Chapter 46 Sierra
Sierra
Sierra seethed the entire Uber ride to the studio while her team concocted outrageous plans for getting past the reception desk.
Adi suggested they sweet-talk their way in.
Carter was keen to create a diversion in order to draw out the security personnel.
Beck was excited at the possibility of scaling a fire escape and sneaking in through the roof.
Sierra wasn’t concerned with how they got inside. She was confronting Ranielle, and she would take down anyone who tried to stop her.
But when they walked into the building, they found the reception desk empty and the lobby quiet. Strange, although Sierra wasn’t complaining about the easy access. She deserved something to go right for once.
As they made their way toward Ranielle’s office, Sierra heard construction sounds coming from Soundstage A. A sneaky check revealed crews dismantling the set, pulling apart Dr. Theery’s laboratory. Soon there’d be nothing but bare walls and concrete floors.
“Don’t they usually leave these for the postseason special?” Beck asked.
Sierra picked up her pace.
As they neared Ranielle’s office they heard—not drills and sledgehammers—but screaming.
“—can’t treat me like this! After everything I did for you and this show!”
“Oh no.” Adi groaned. “Tell me it isn’t—”
The office door swung open and two security guards emerged, dragging Adi’s mom between them.
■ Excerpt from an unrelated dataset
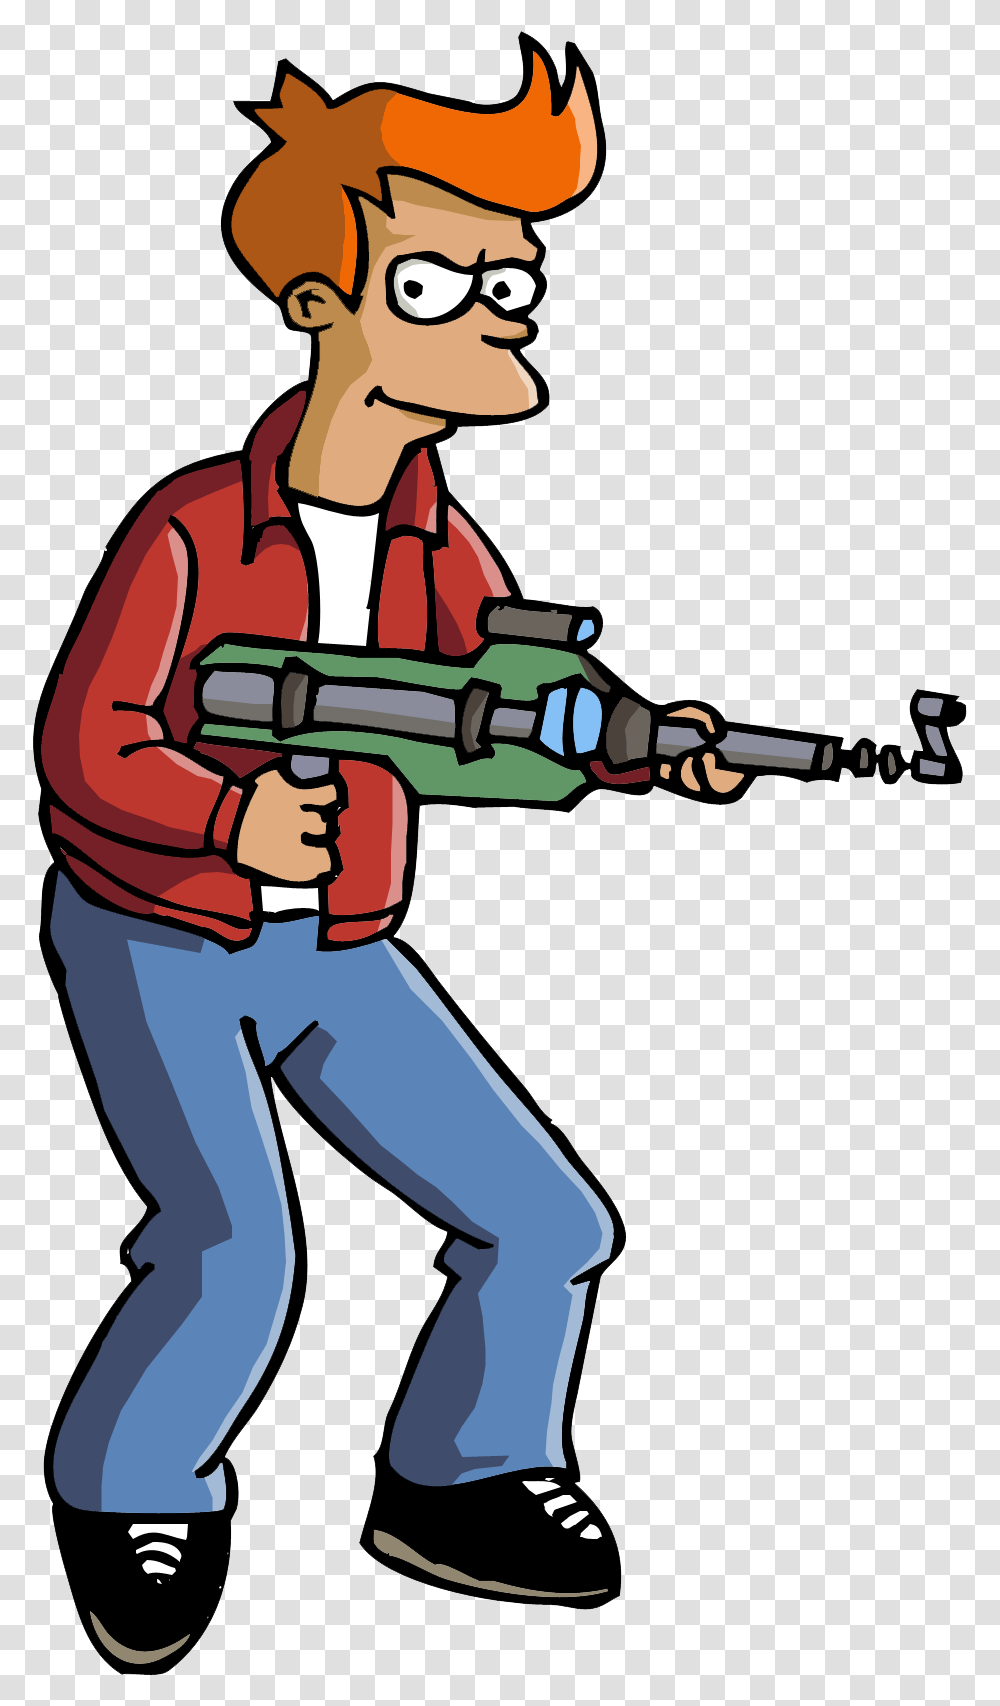 Futurama Fry Gun Image Sad Futurama, Person, Weapon, Tool Transparent Png

On camera, Symphony always looked immaculate and poised. Now her long hair was a flurry of tangles and her demure smile had been replaced with a snarl.
“Get your hands off me,” she snapped. “I’ll be talking to my lawyer about this. Don’t you know who I am? Don’t you—” Her gaze fell on Adi. She gasped. “Aditya! There you are. Tell these men who I am. Get them to release me at once.”
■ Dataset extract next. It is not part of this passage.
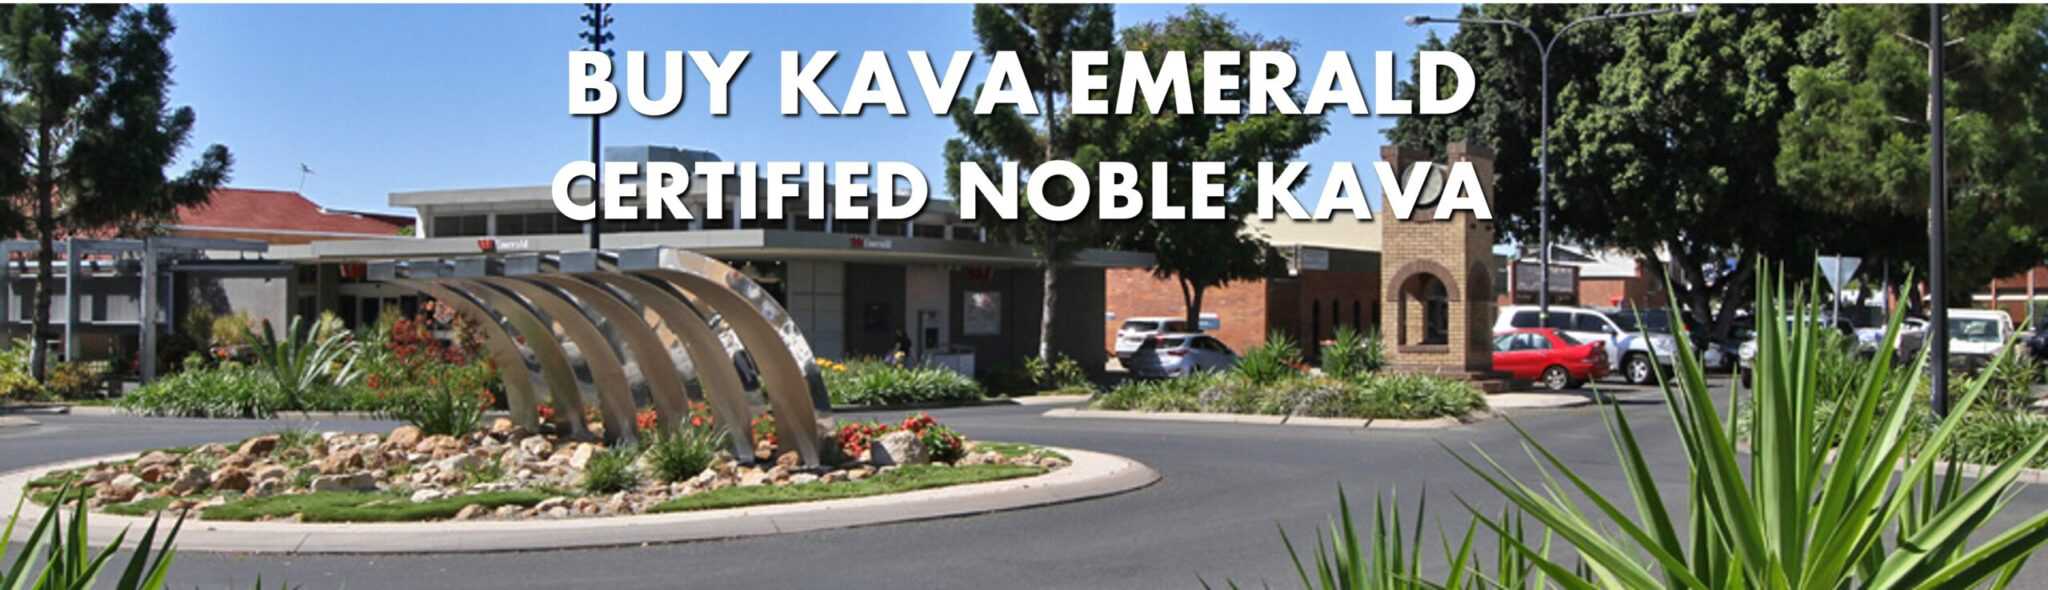 Street scene in Emerald Queensland with caption Buy Kava Emerald Certified Noble Kava

The security guards paused to look at Adi, but he stepped aside and held up both hands. “She’s all yours.”
Symphony shrieked. “Aditya! That is not funny. Aditya!”
Her screams faded as she was manhandled down the corridor.
“That explains why the security guards didn’t tackle us when we first came in,” Sierra muttered. Squaring her shoulders, she marched through Ranielle’s open office door.
The executive producer was standing over a plastic box on her desk, filling it with papers and folders. As they watched, she took an entire drawer and upended the contents into the bin before dropping the drawer to the floor behind her.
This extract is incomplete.